BEGIN RAW DATA
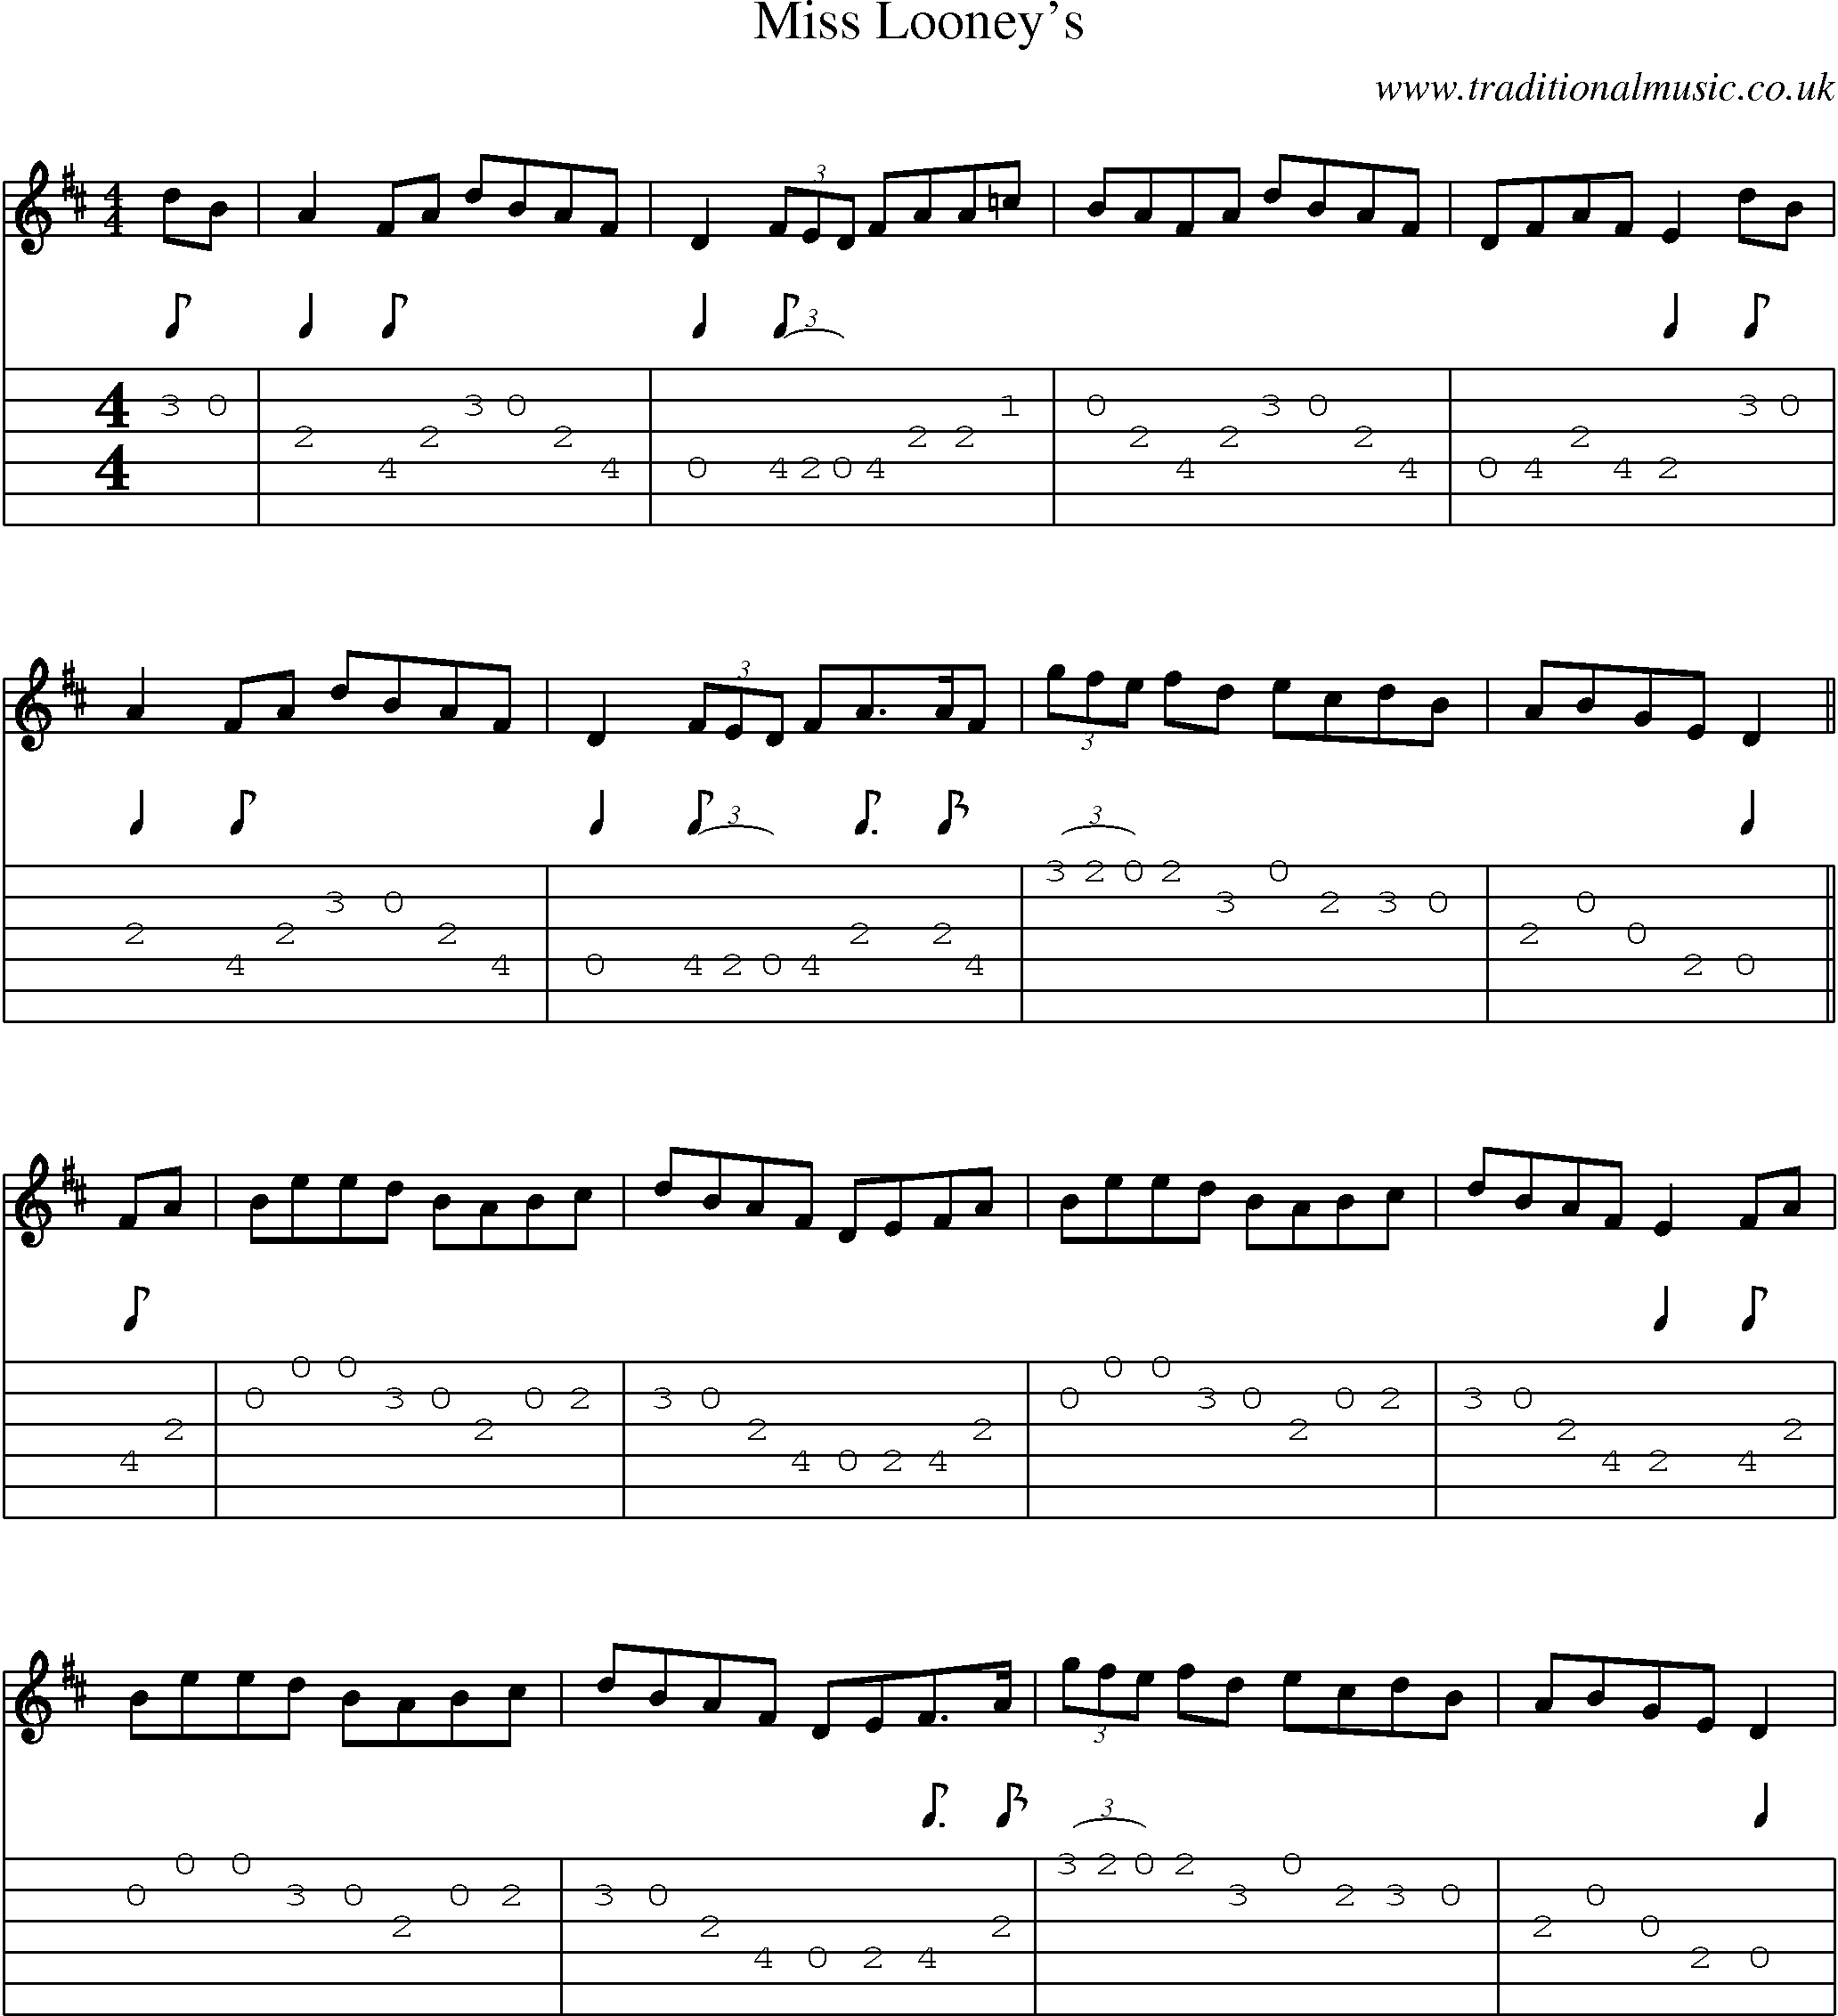 Music Score and Guitar Tabs for Miss Looneys
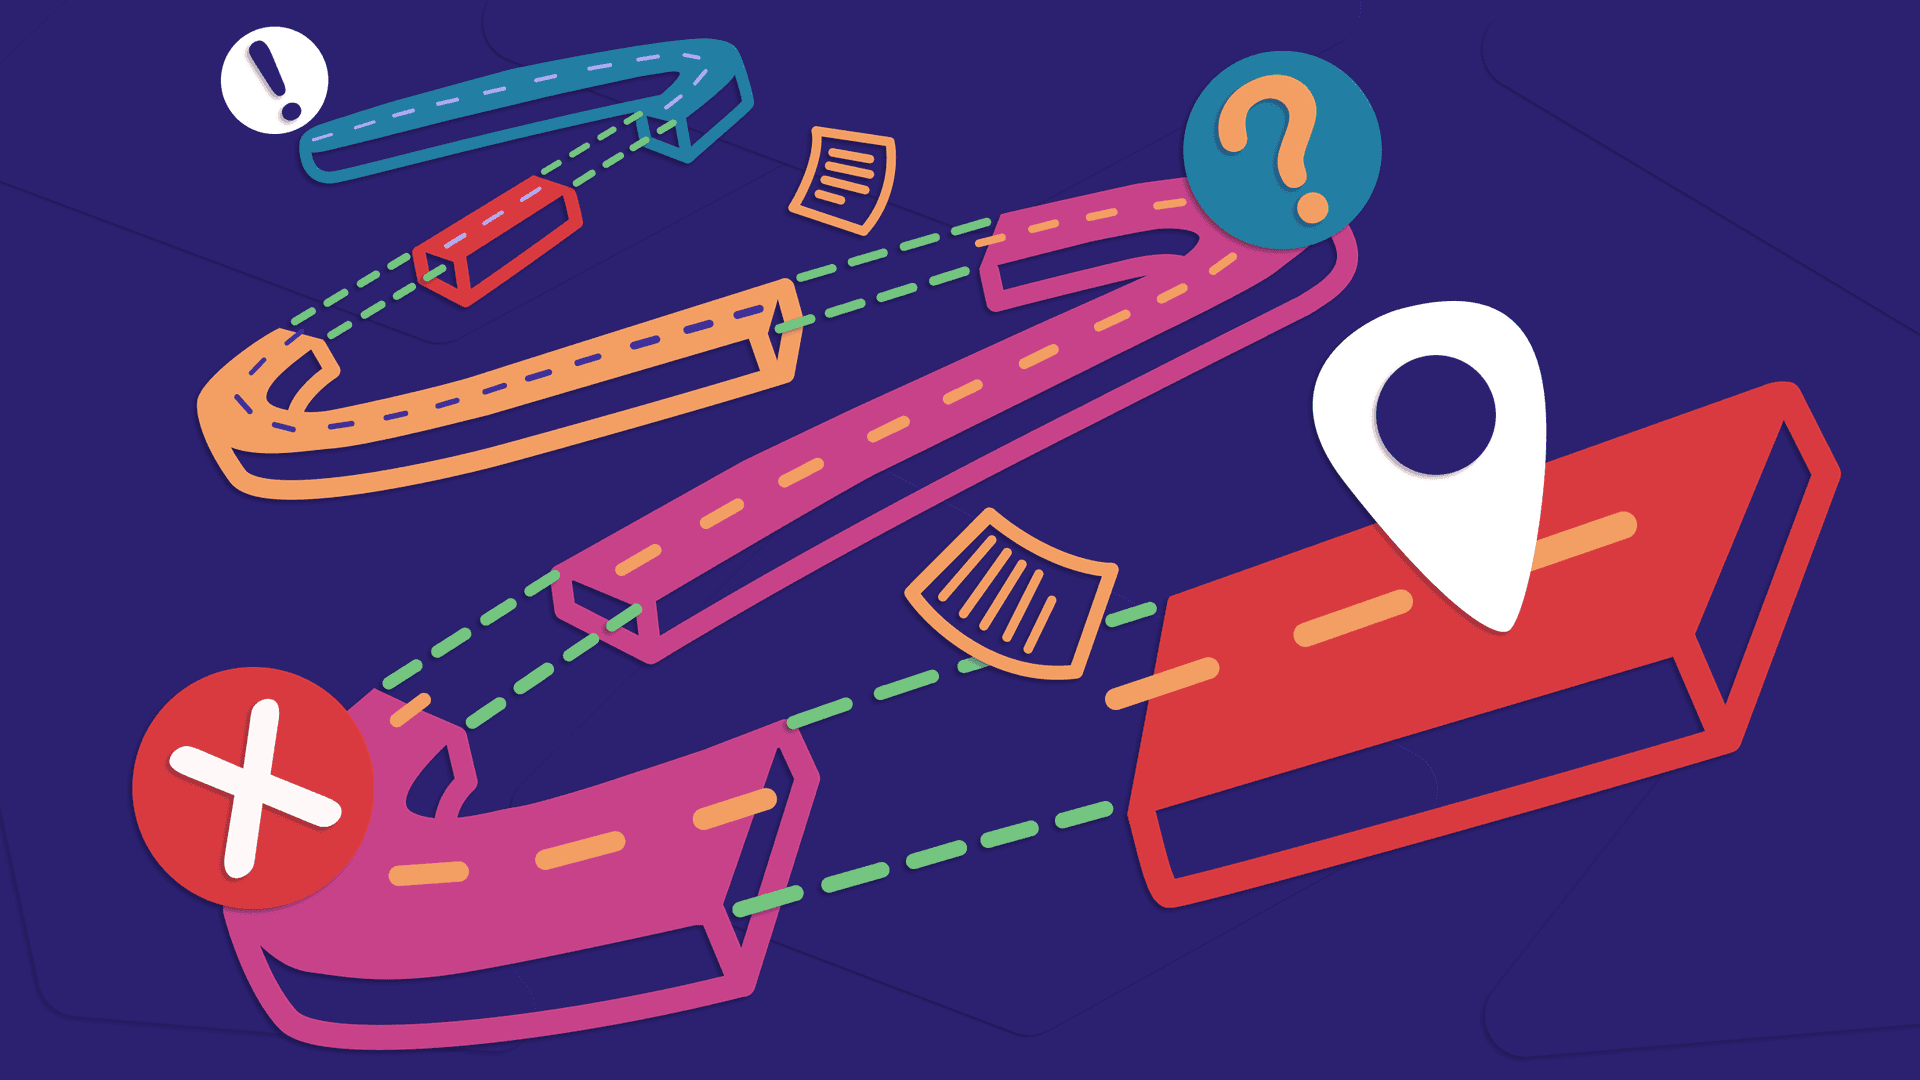 Along a winding doodled road, papers fly around and icons like pins, Xs, question marks pop up.
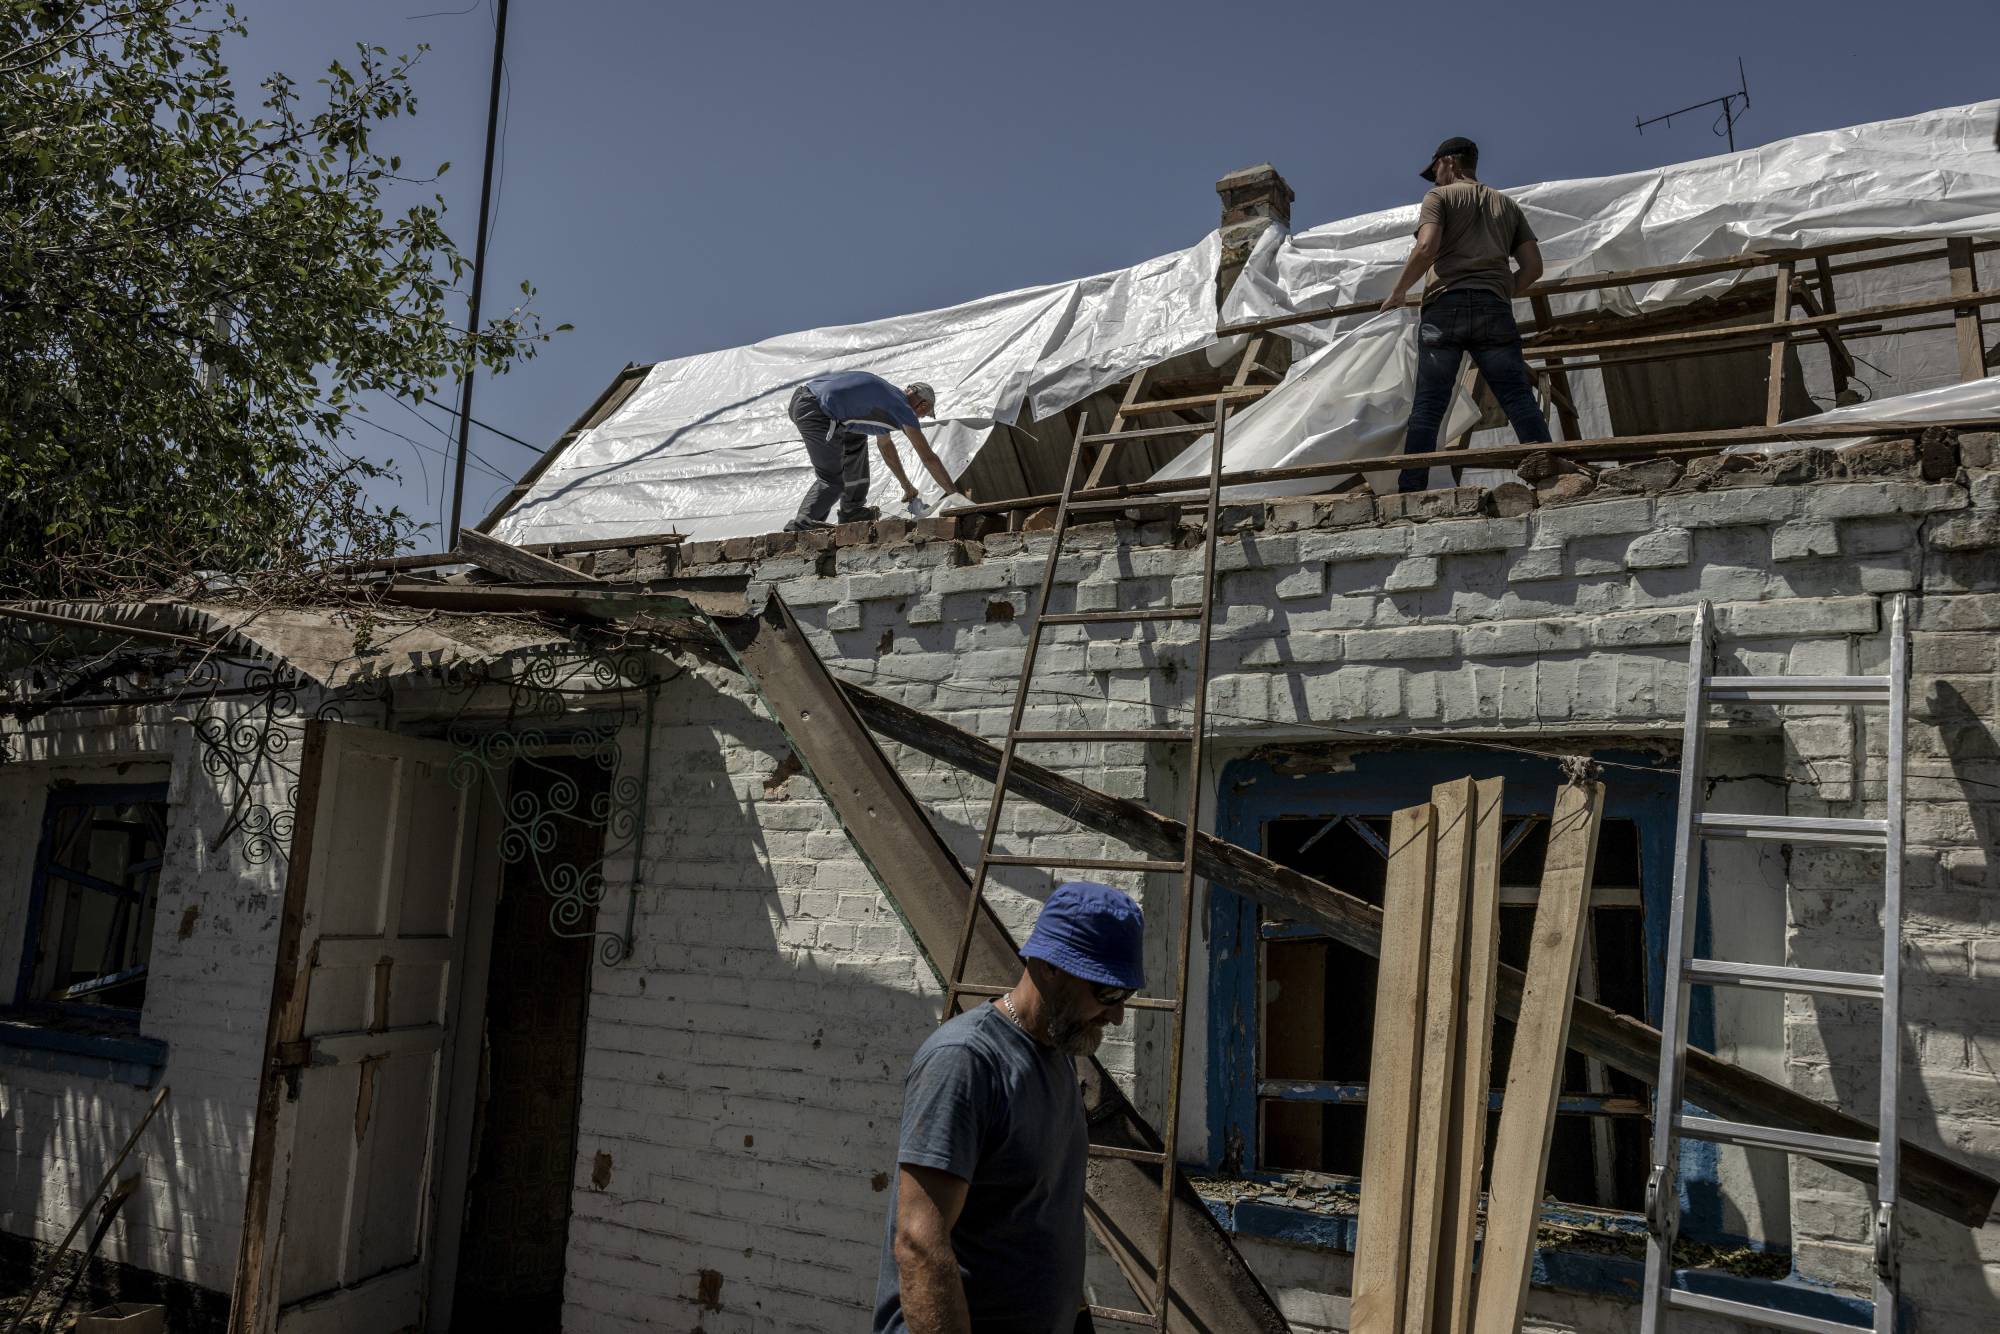 Residents repair a home damaged overnight by Russian shelling in Nikopol, Ukraine, on July 3. Ukrainians who live near the Russian-Occupied Zaporizhzhia Nuclear Power Plant have grown largely complacent about the dangers despite urgent government warnings.  | FINBARR O’REILLY / THE NEW YORK TIMES
END RAW DATA
Exclude the pictures and give back the rest of the data above exactly as written.

YOUR RESPONSE »
 Music Score and Guitar Tabs for Miss Looneys
 Along a winding doodled road, papers fly around and icons like pins, Xs, question marks pop up.
 Residents repair a home damaged overnight by Russian shelling in Nikopol, Ukraine, on July 3. Ukrainians who live near the Russian-Occupied Zaporizhzhia Nuclear Power Plant have grown largely complacent about the dangers despite urgent government warnings.  | FINBARR O’REILLY / THE NEW YORK TIMES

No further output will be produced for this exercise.